The other learning curve was about all the drugs and addiction that is at the heart of the drama.

“Coming from a world in which there is not addiction in my family, I have learned to have great compassion for somebody who is an addict. And I have, I think, a greater understanding and patience and also a greater sense of adventure in storytelling” as a result, Phillips said.

“We started out this season knowing what our ending was going to be and then completely changed it, because the show spoke to us. And we much as we did last season as well, because these characters all have their own voices.

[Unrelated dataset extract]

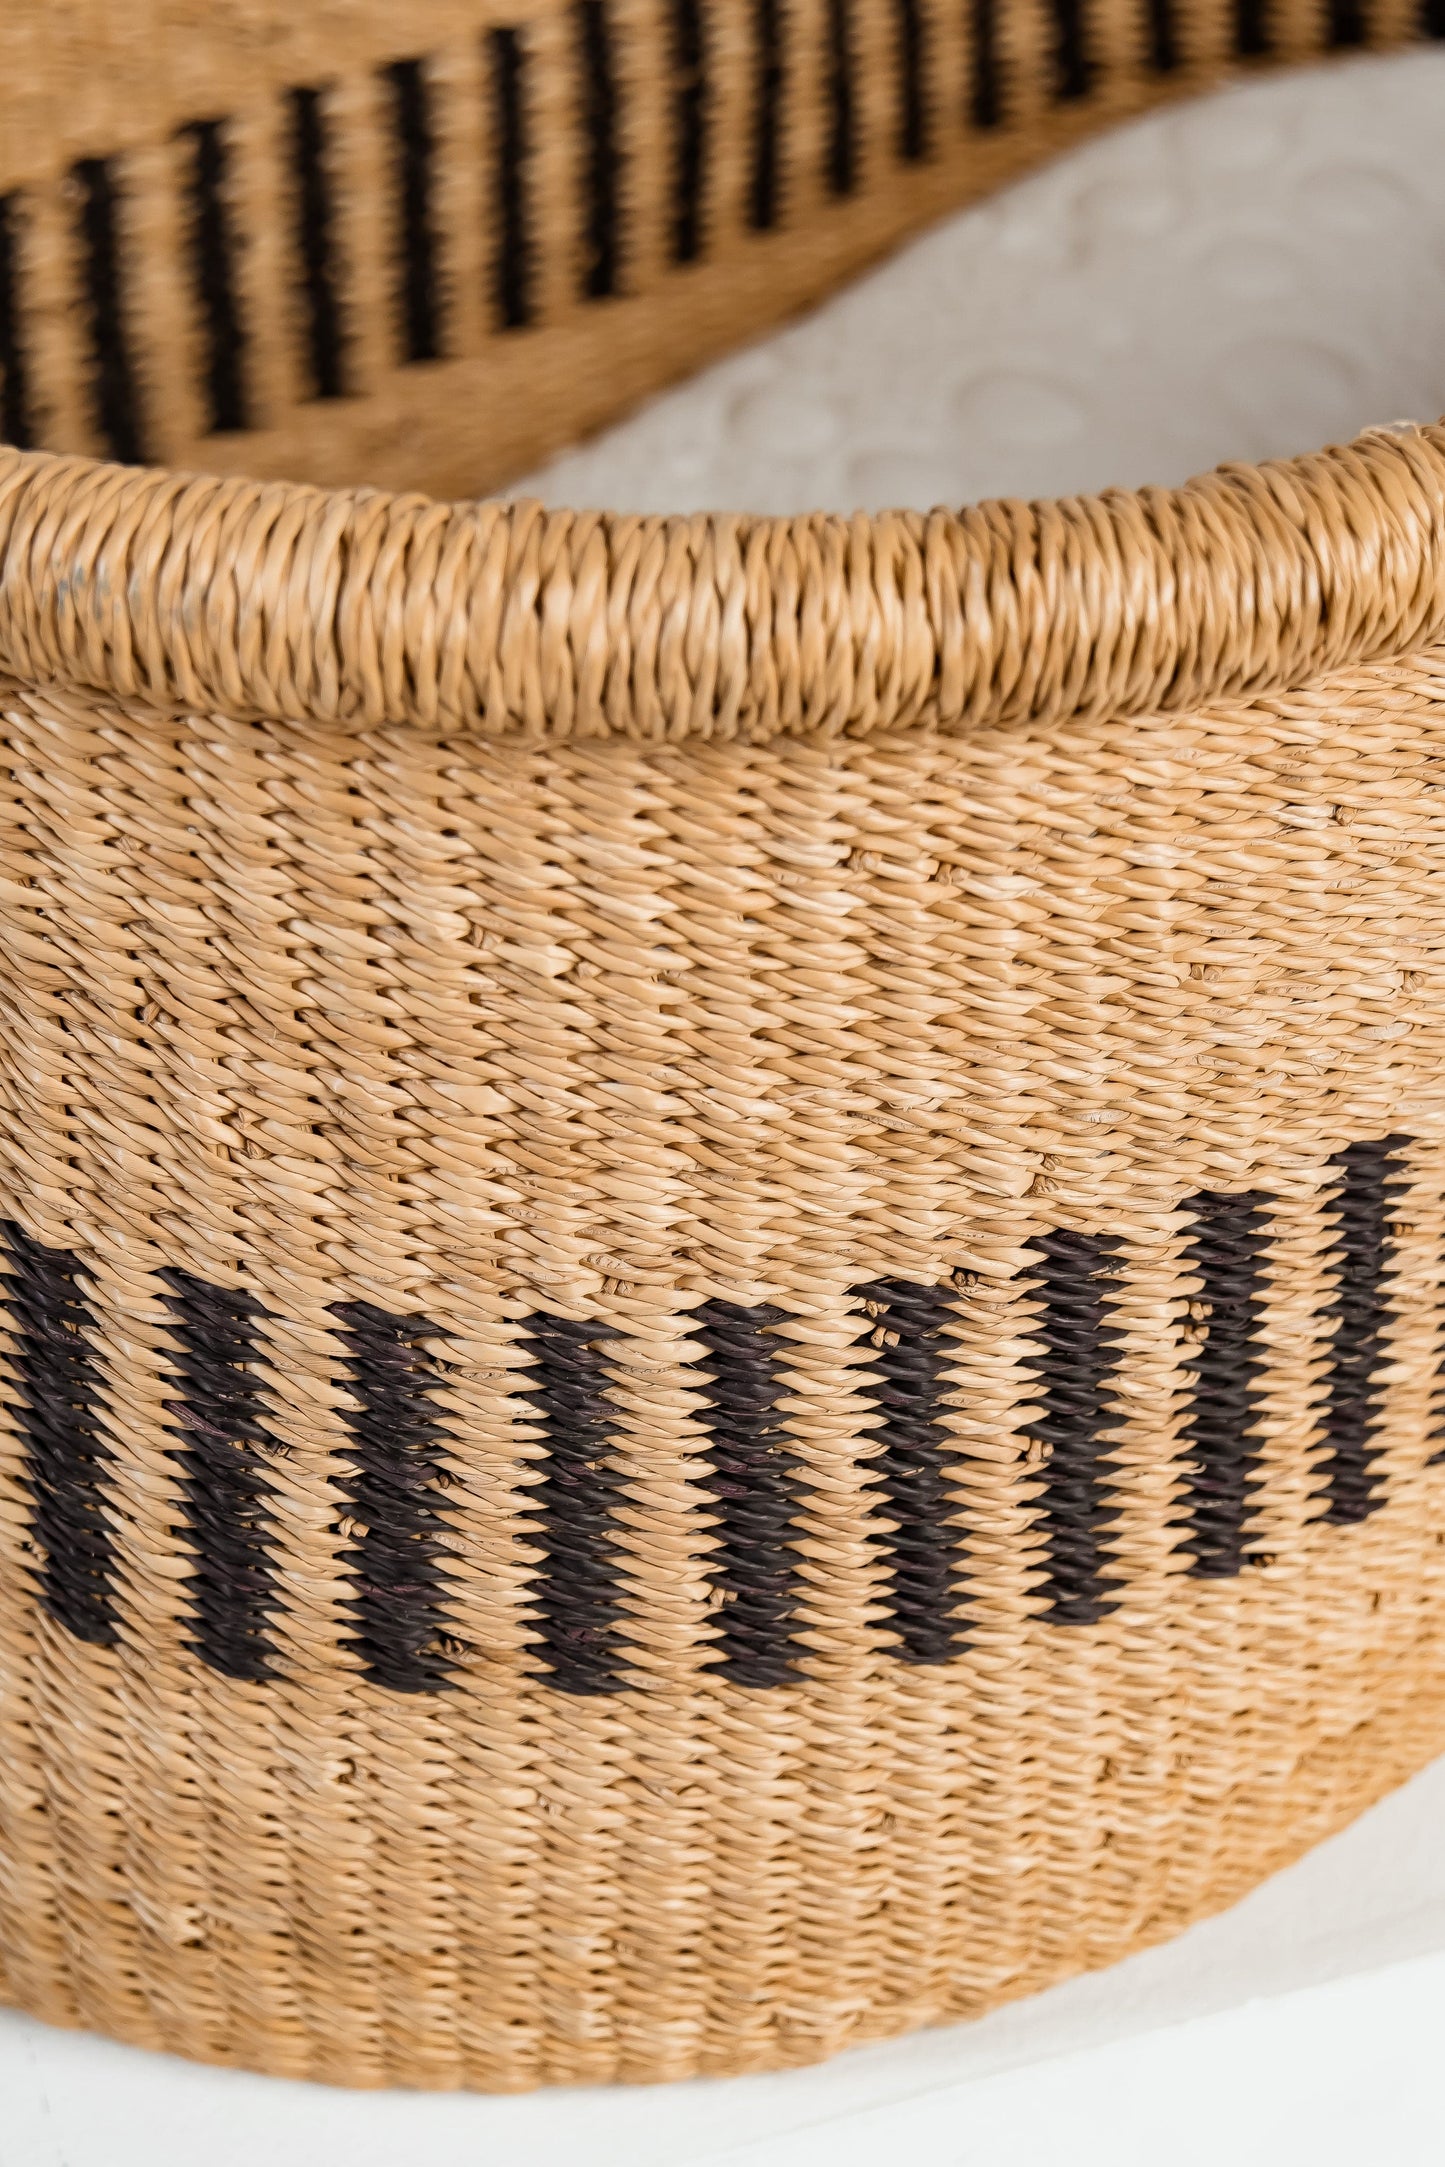 High African Basket Moses KidooCrafts with Mattress
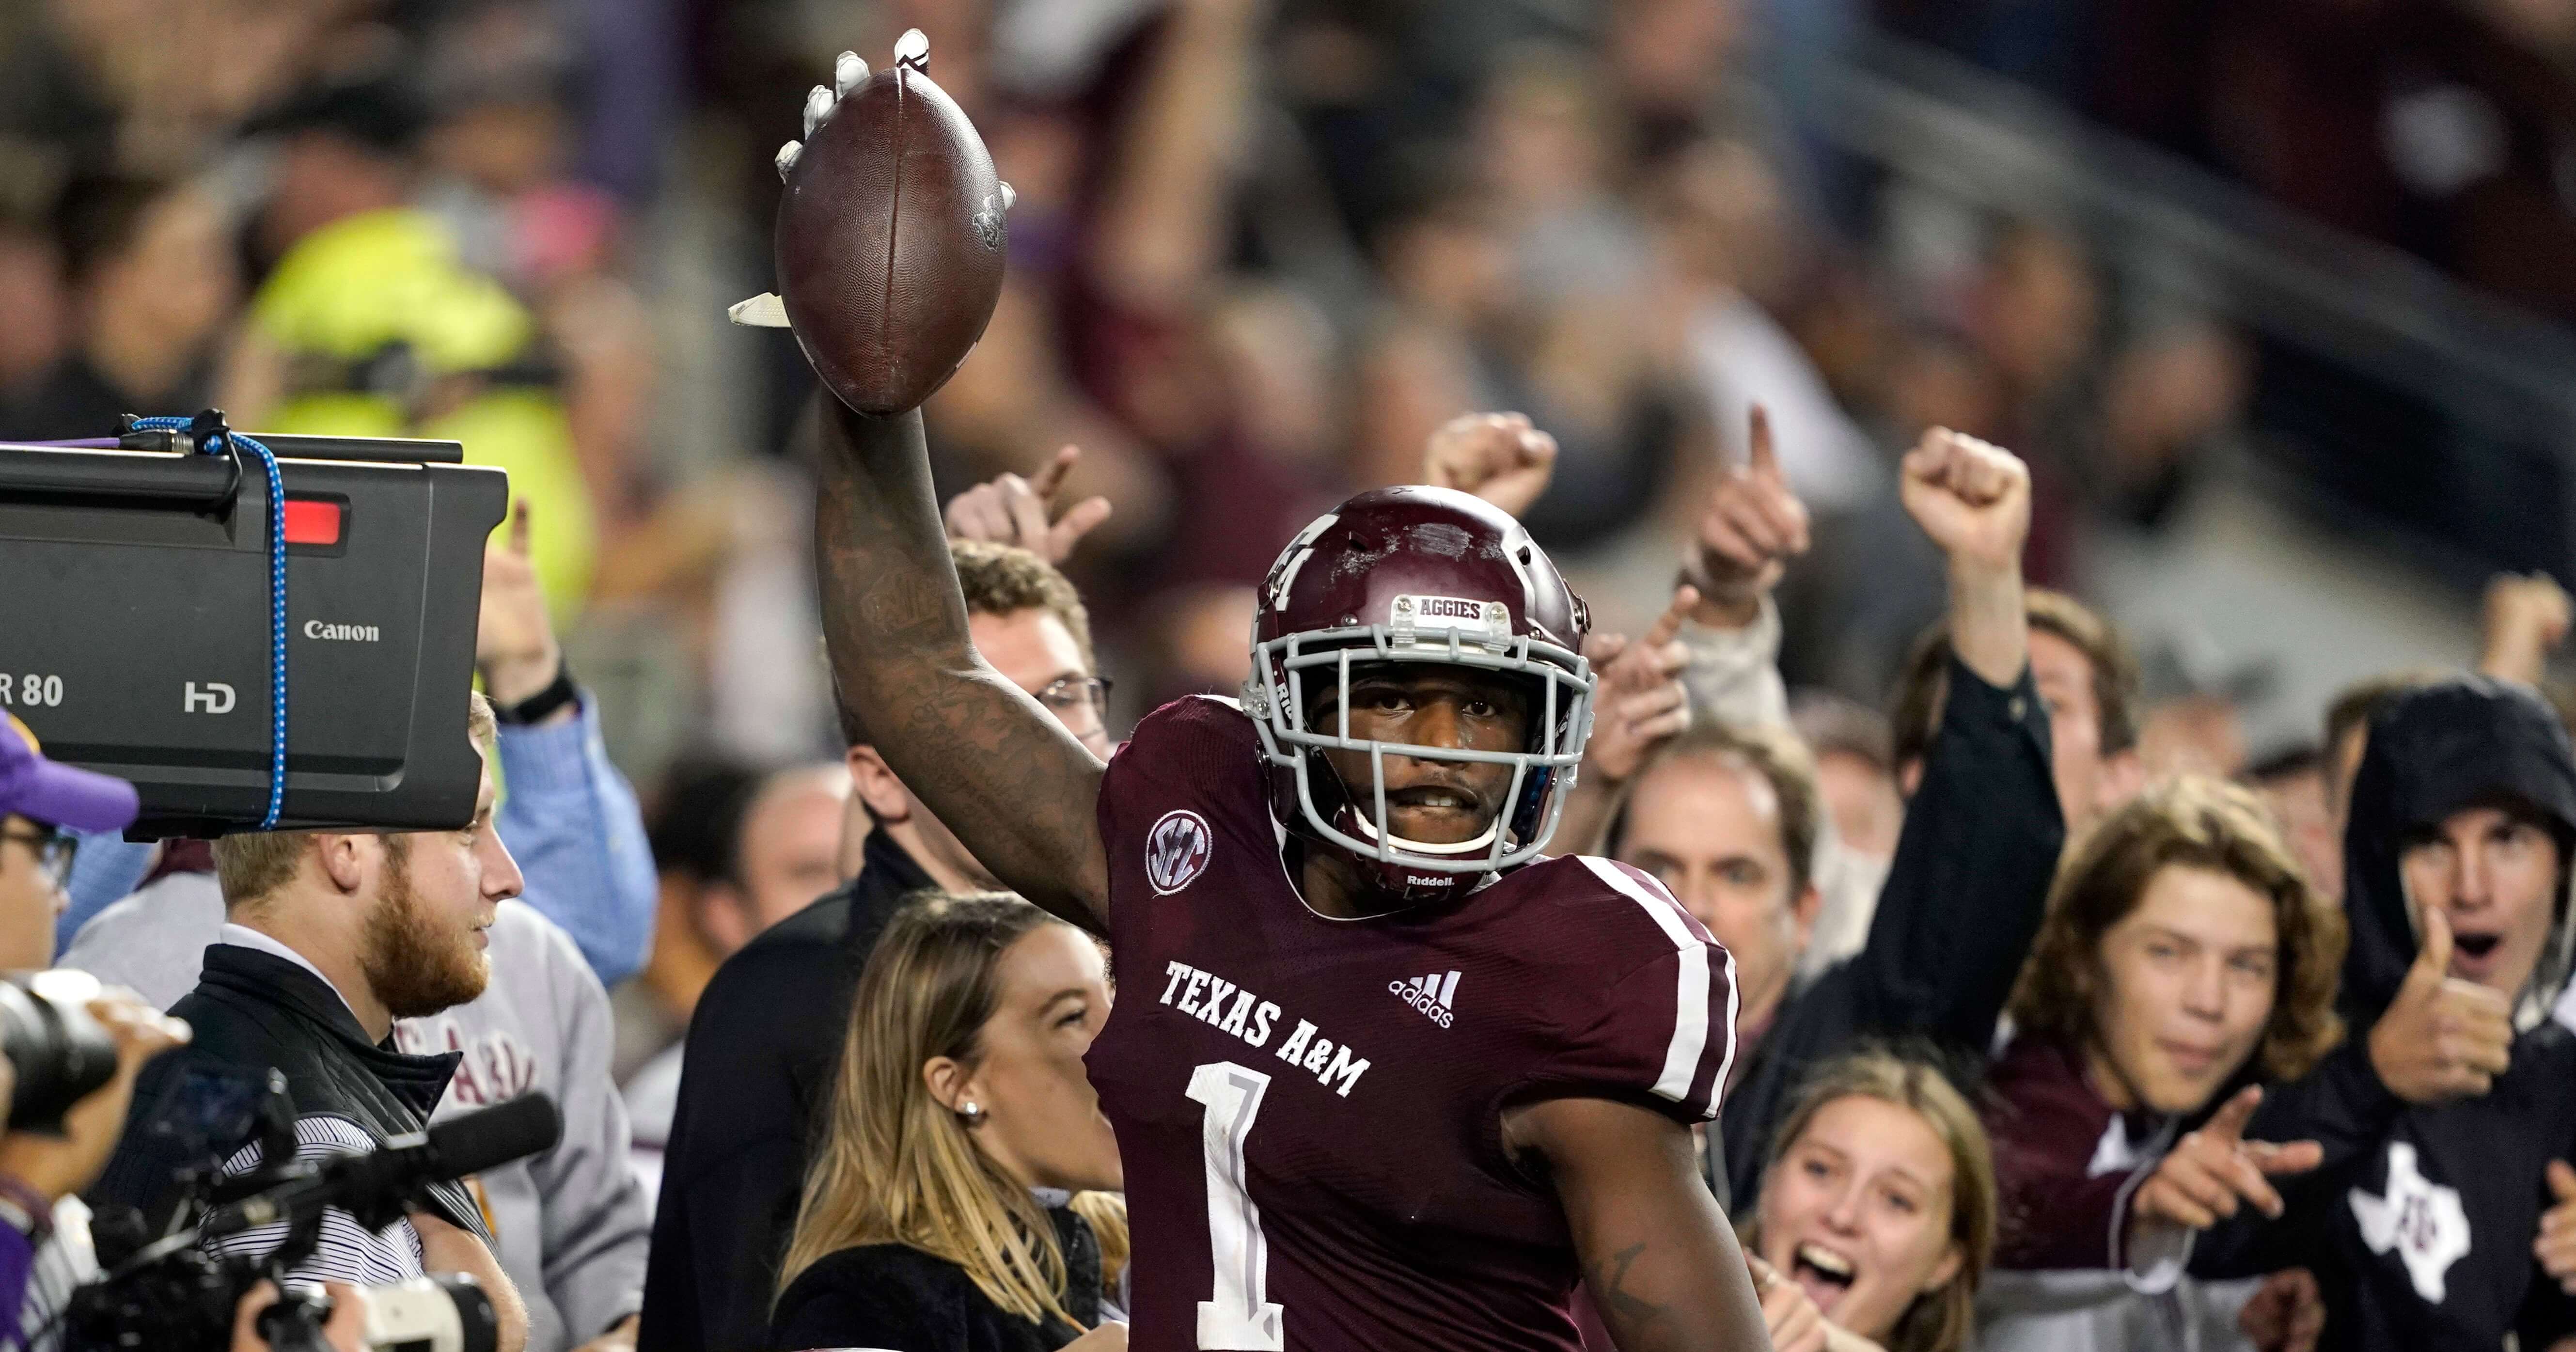 Texas A&M wide receiver Quartney Davis celebrates after catching a touchdown pass during the seventh overtime of Saturday's game against LSU in College Station, Texas.

“This is such an extraordinary cast that we hear their voices and we write in their voices. They are sitting with us as we write these scripts and as we come up with these stories. And I’ve never — maybe with the possible exception of Michael Hall — I’ve never had that experience before. And so I just think as a storyteller, I was pretty good at what I did when I joined the show, and I think I’m a lot better now that we’re ending the show.”

And how will it end?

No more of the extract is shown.